The following sections describe how to configure options for VM instances, but you can configure the following options when creating an instance template as well. Use the Google Cloud console or the Google Cloud CLI to configure options for VM instances in an instance template.
Console
Go to the Create an instance template page.
In the Container section, select the Deploy a container image to this VM instance checkbox and expand Advanced container options.
gcloud
- In the Google Cloud CLI, use the
gcloud compute instance-templates create-with-container
command as shown in the following examples.
Specifying a restart policy
You can set a restart policy to specify whether to restart a container on exit. The default policy is to always restart. You can also set the policy to restart on failure or to never restart.
Console
Go to the Create an instance page.
In the Container section, click Deploy container.
On the Configure container page, do the following:
- Specify a container image name.
- In the Restart policy section, select the restart policy for the container.
- To confirm the container details, click Select.
Continue with the VM creation process.
gcloud
Use the --container-restart-policy
flag to specify container a restart
policy:
always
(default)on-failure
never
The following example launches a container with on-failure
restart policy,
which means the restart only happens when the container exit code is
nonzero:
gcloud compute instances create-with-container busybox-vm \ --container-image docker.io/busybox:1.27 \ --container-restart-policy on-failure
Use the gcloud compute instances update-container
command with the
--container-restart-policy
flag for the restart policy on a container
running on a VM.
Running a container in privileged mode
You can run a container in privileged mode to allow access to all devices on the host. Containers are run as "unprivileged" by default and aren't allowed to access any devices.
Console
Go to the Create an instance page.
In the Container section, click Deploy container.

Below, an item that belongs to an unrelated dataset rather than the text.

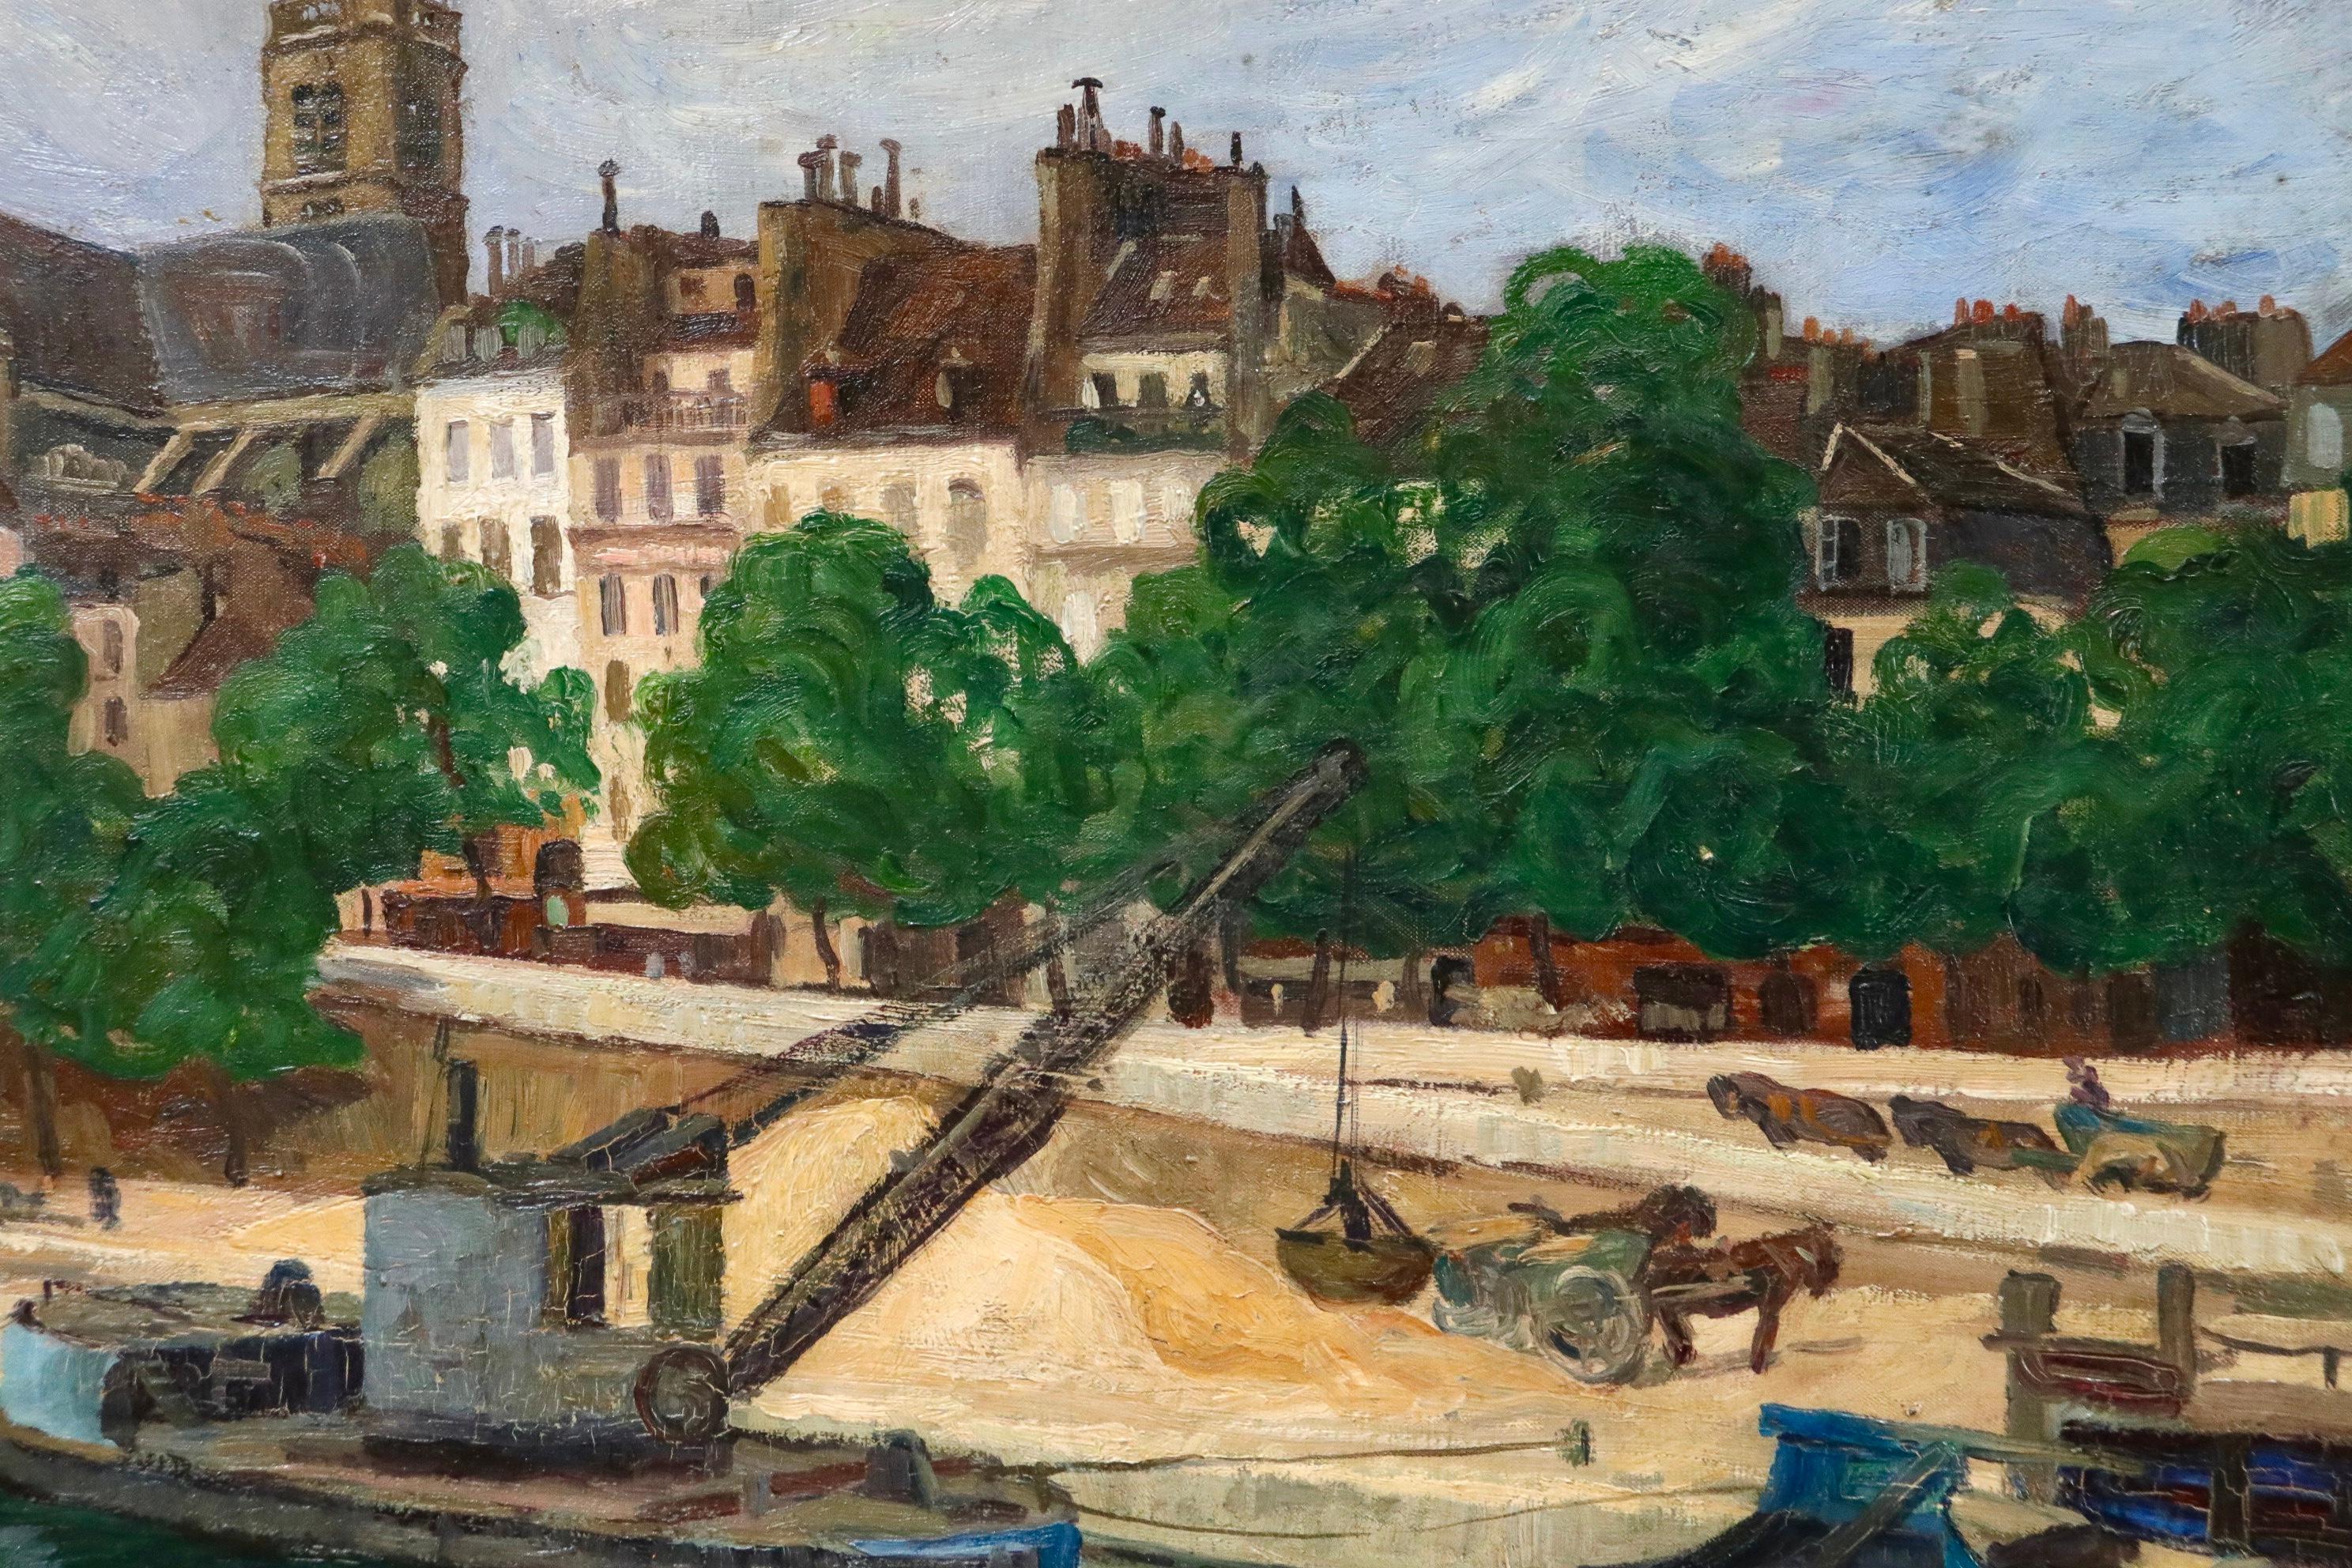 Workers on the Seine - Post Louis-Philippe - River Landscape Oil by G Balande - Impressionist Painting by Gaston Balande

On the Configure container page, do the following:
- Specify a container image name.
- Select Run as privileged.
- To confirm the container details, click Select.
Continue with the VM creation process.
gcloud
Use the --container-privileged
flag to run a container with runtime
privilege. The following example launches a busybox container in privileged
mode:
gcloud compute instances create-with-container busybox-vm \ --container-image docker.io/busybox:1.27 \ --container-privileged
Use the gcloud compute instances update-container
command with the
--container-privileged
flag to update a container on a VM. Use the
--no-container-privileged
flag to turn off privileged mode.
Allocating a buffer for STDIN in the container runtime
You can allocate a buffer for STDIN
in the container runtime to keep the
STDIN
stream open in a container. If this is not set, reads from STDIN
in the container always result in EOF
.
Along with allocating a pseudo-TTY, keeping the STDIN
stream
open is necessary for establishing an interactive shell in the container and
for the container to receive its standard input from a pipe.
Console
Go to the Create an instance page.
In the Container section, click Deploy container.
On the Configure container page, do the following:
- Specify a container image name.
- Select Allocate a buffer for STDIN.
- To confirm the container details, click Select.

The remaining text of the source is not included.